On est donc très loin du cliché romantique du supporter amateur bricolant une banderole à la va-vite. Ce qu’on voit dans un virage lors d’un grand match est souvent le résultat d’un projet planifié sur plusieurs semaines, avec une méthodologie qui ressemble à celle d’un atelier d’art ou d’un bureau d’études.
L’aspect voyoutisme dont certains aiment se saisir existe, bien sûr : quelques groupes ont pu basculer dans des débordements violents. Mais réduire cette culture à ces dérives, c’est passer à côté de l’essentiel. Le tiffo, en particulier, n’a rien d’un acte de vandalisme : c’est une démonstration de savoir-faire collectif, de passion canalisée et de fierté communautaire.
Au-delà de la prouesse technique, il faut aussi voir l’importance sociale de ce rituel. Le tiffo est un ciment d’appartenance : il donne aux jeunes un espace où se sentir utiles, fiers et valorisés.
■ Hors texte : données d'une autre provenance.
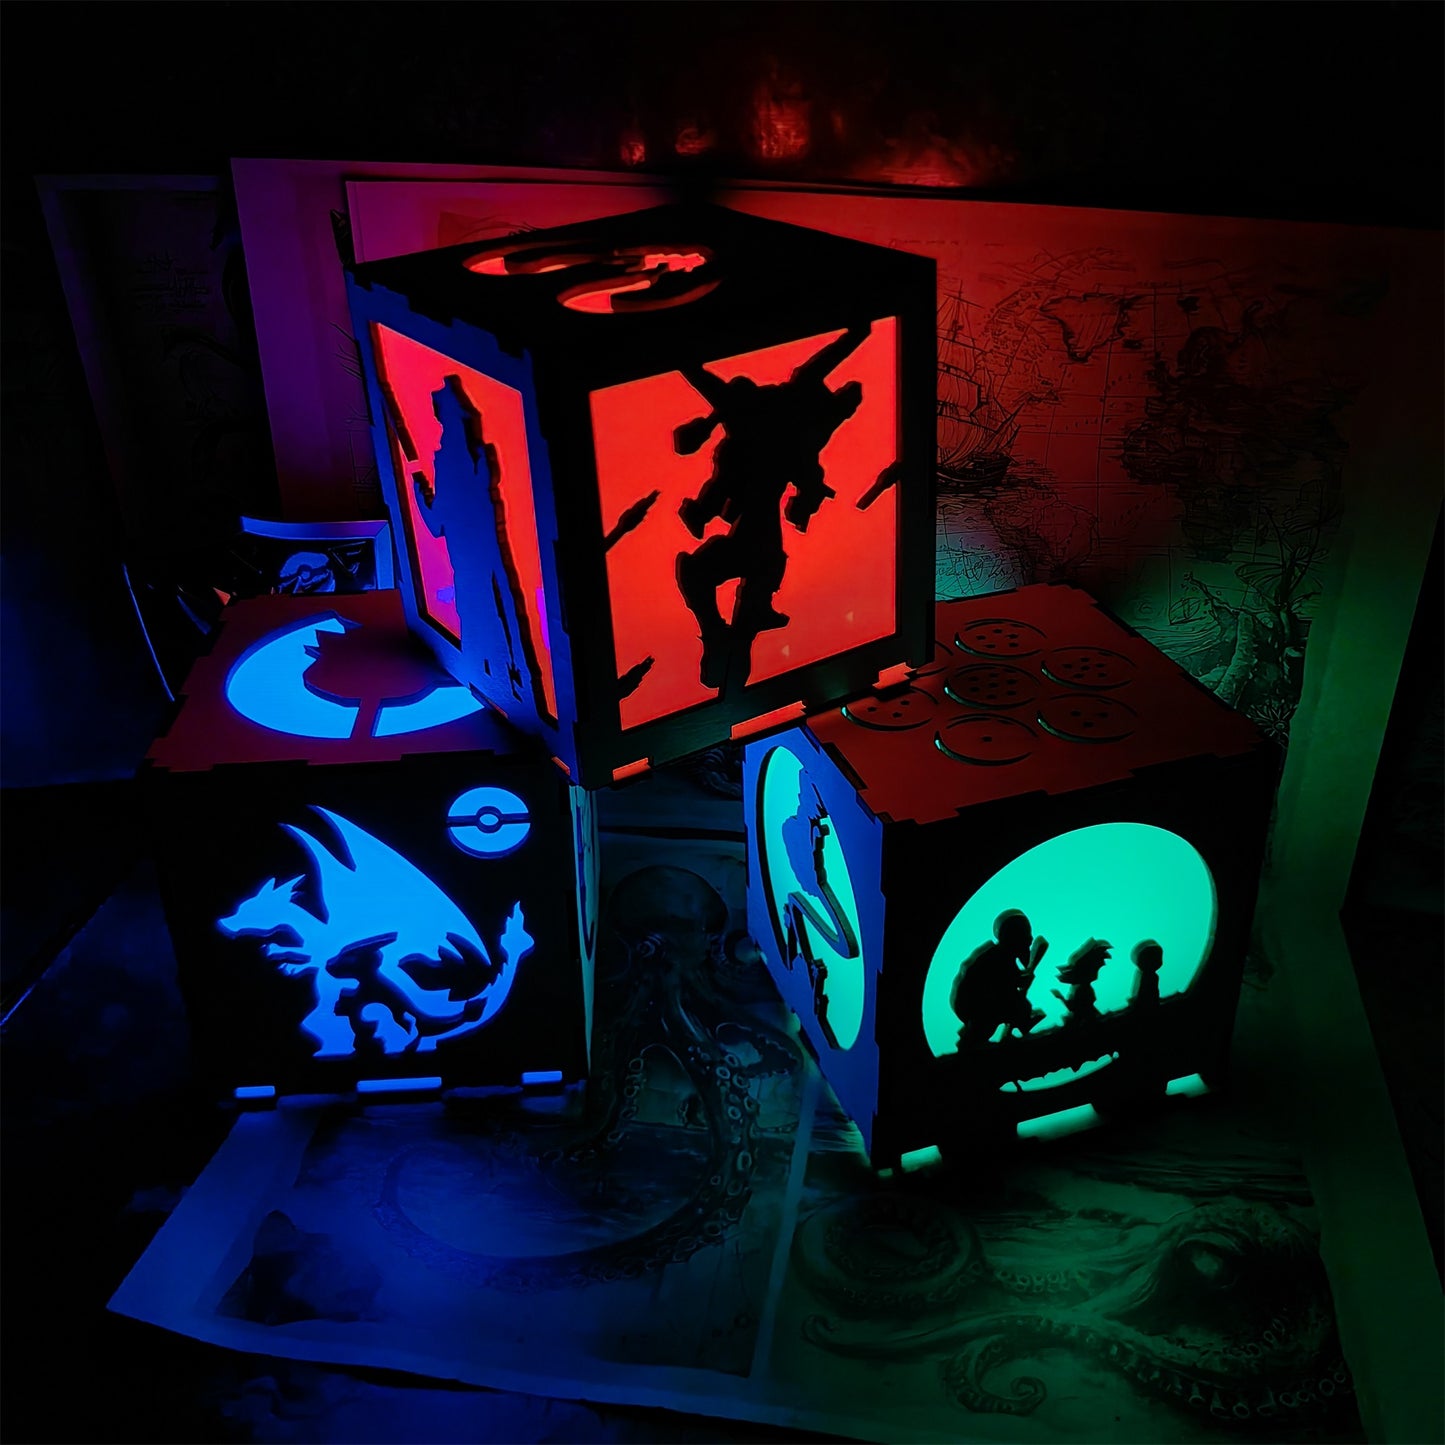 Octane Valkyrie Wood Cube Light Desk Decor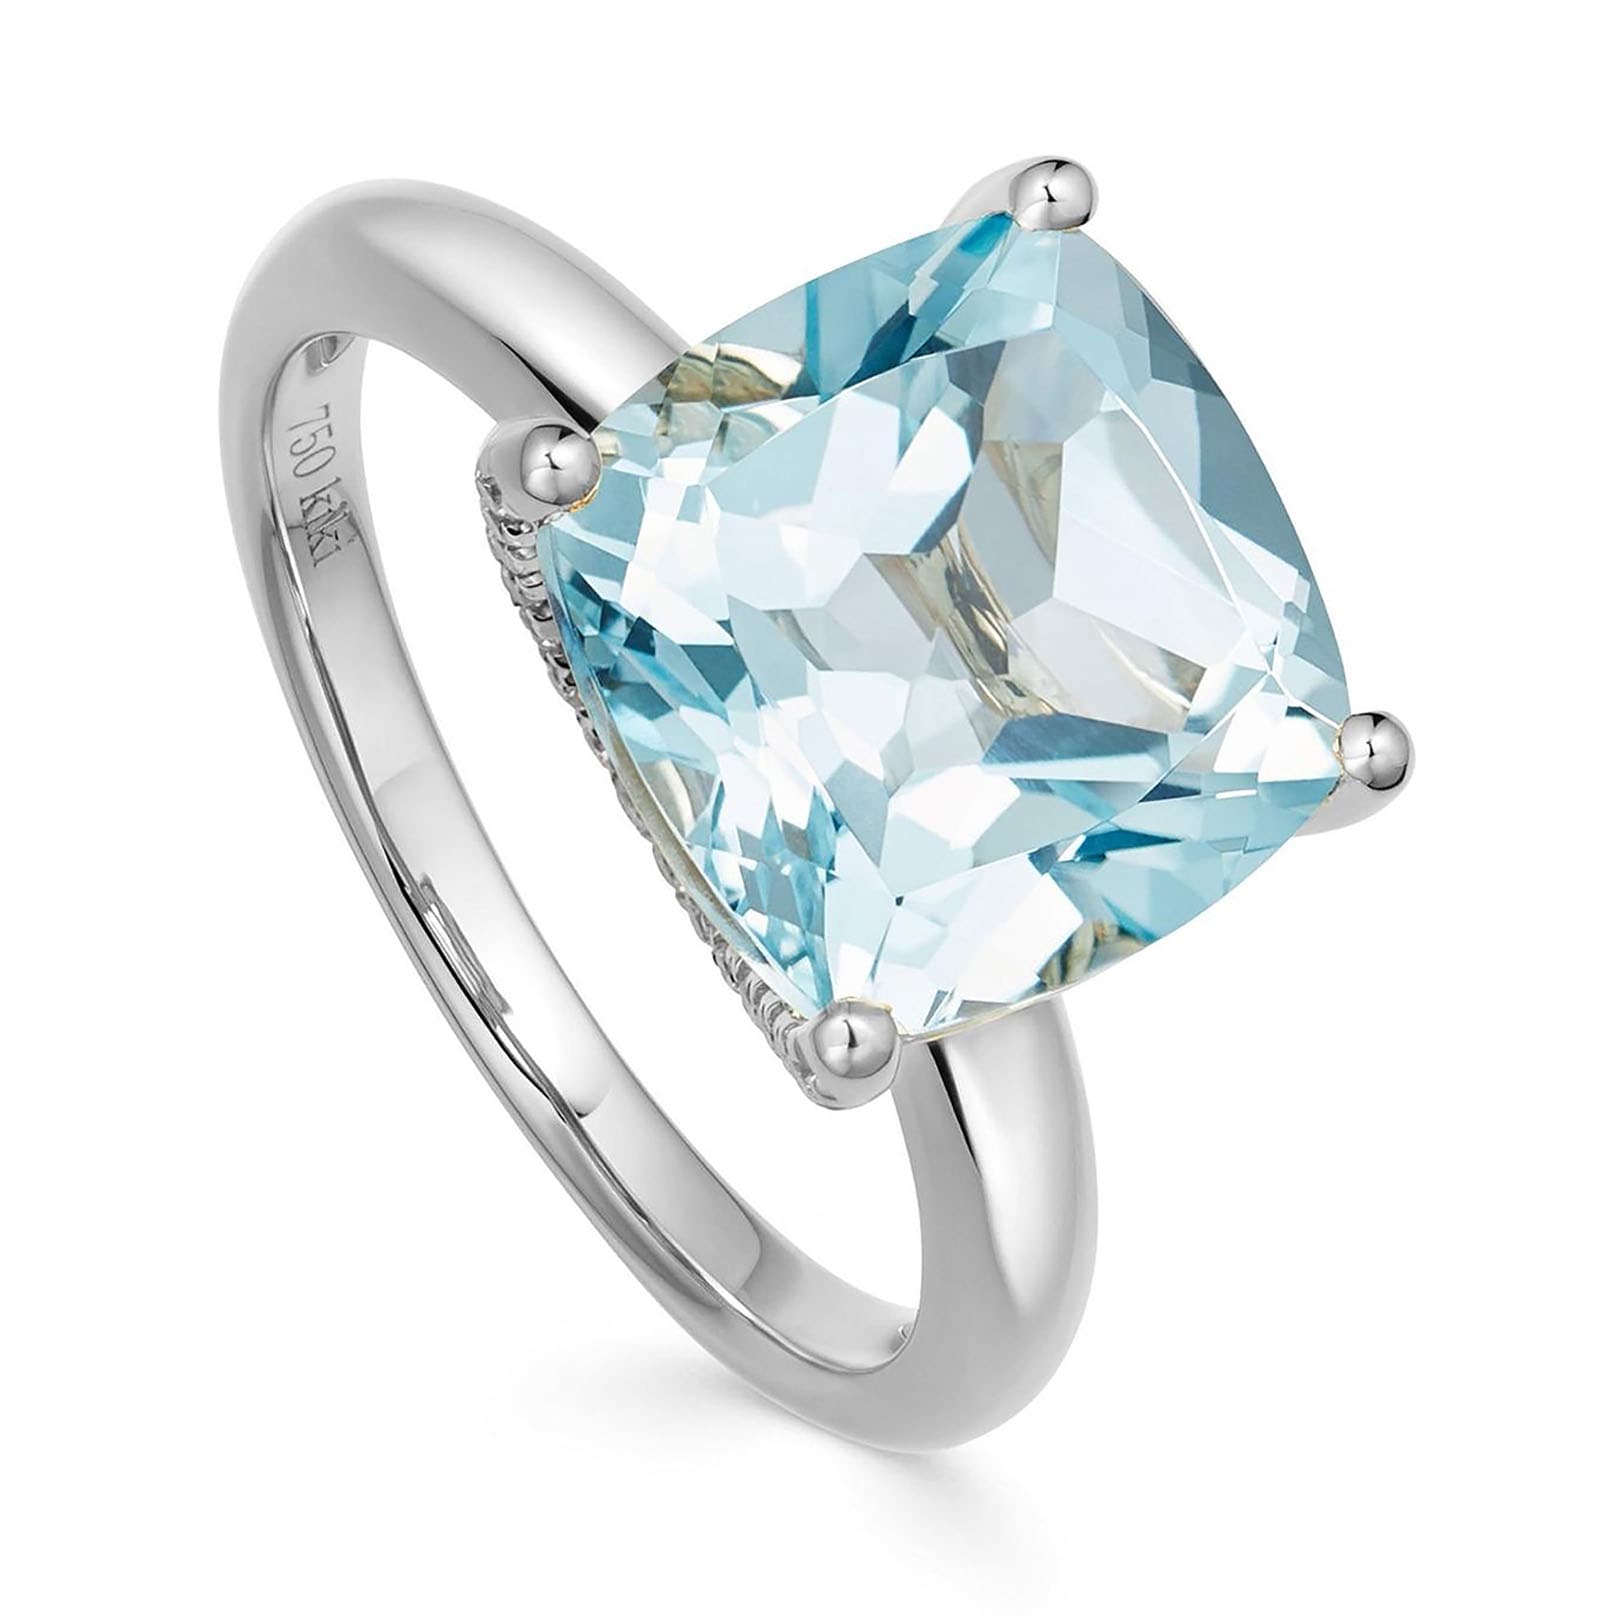 Kiki Cushion 18ct White Gold, Diamond Claw & Blue Topaz Ring - Ring Size O

Il offre une occupation constructive qui fédère au lieu de diviser. Pour beaucoup, participer à sa réalisation est un moyen de rompre l’isolement, de se découvrir des talents insoupçonnés, d’apprendre la rigueur et la confiance mutuelle.
Ces créations géantes sont aussi des messages visuels puissants : elles racontent l’histoire d’un club, affirment l’attachement à une ville ou à une cause, revendiquent la dignité d’un public souvent méprisé par les instances. Elles rappellent que le football n’est pas seulement un divertissement, mais un langage populaire capable de transmettre fierté, espoir et mémoire collective.
Je pense qu’il faut reconnaître qu’un tel niveau d’exigence et de précision dépasse largement ce que beaucoup appelleraient de l’improvisation de “voyous”. Ceux qui parlent sans connaître ignorent qu’il s’agit d’un art populaire qui fait appel à des compétences que peu de gens possèdent.
La prochaine fois que vous verrez un virage se draper sous un voile immense, demandez-vous : qui sont ceux qui ont su coordonner autant de bras, de têtes et de cœurs ? Vous découvrirez que le tiffo est la preuve éclatante que le football peut devenir une école d’organisation, d’inventivité, de solidarité et de respect d’un projet commun.